Sources and Uses of Cash

      The company’s cash flows from operating, investing and financing activities, as reflected in the Consolidated Statements of Cash Flows, are summarized in the following table:

                                 
Three Months Ended Nine Months Ended
September 30 September 30

Dollars (millions) 2004 2003 2004 2003

Cash Provided by Operating Activities
  $ 168.6     $ 128.4     $ 481.1     $ 239.4  
Cash Used in Investing Activities
  $ (43.1 )   $ (37.3 )   $ (82.9 )   $ (92.0 )
Cash Provided by (Used in) Financing Activities
  $ 48.7     $ (96.7 )   $ (22.2 )   $ (114.0 )

37


Table of Contents

      The following table presents summarized working capital information as at September 30, 2004 compared to December 31, 2003:

                 
September 30, December 31,
Dollars (millions) except ratio amounts 2004 2003

Current Assets
  $ 1,103.6     $ 733.9  
Current Liabilities
  $ (572.6 )   $ (557.8 )
Working Capital
  $ 531.0     $ 176.1  
Current Ratio
    1.93       1.32  

      PotashCorp’s principal sources of funds include cash generated from our operations, short-term borrowings against our line of credit and commercial paper program, and long-term debt issued under our US shelf registration statements and drawn down under our syndicated credit facility. Our primary uses of funds are operational expenses, sustaining and opportunity capital spending, dividends, and interest and principal payments on our debt securities.

      Cash provided by operating activities was $168.6 million, up $40.2 million from the third quarter last year. Stronger gross margin in potash ($120.8 million as compared to $52.3 million) driven by higher prices and another quarter of record volumes contributed significantly to the improvement. In addition, working capital requirements were lower by $34.8 million, largely due to reduced inventory levels resulting from the high volume of potash shipments. Strong nine month 2004 potash and nitrogen margins were a key factor in the $241.7 million increase in cash provided by operating activities compared to the same period last year. In addition, working capital requirements were $99.3 million lower, principally due to reduced potash inventory levels, improvements in phosphate work in process and feed inventory management, an increase in margin deposits, and an increase in income taxes and provincial mining taxes payable on higher profits in our Canadian potash operations.

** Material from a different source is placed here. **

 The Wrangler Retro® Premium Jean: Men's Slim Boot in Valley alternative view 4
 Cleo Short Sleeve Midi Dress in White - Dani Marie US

      Cash used in investing activities increased $5.8 million quarter over quarter and declined $9.1 million year over year. Additions to property, plant and equipment were $10.5 million and $12.0 million higher compared to last year’s three and nine month periods, respectively. However, cash outlays in connection with other assets declined $4.2 million and $19.3 million during these same periods, primarily due to lower spending, reductions in long-term inventory balances, and the fact that issuance costs were incurred in fiscal 2003 relating to a $250.0 million offering of 4.875 percent notes due in 2013.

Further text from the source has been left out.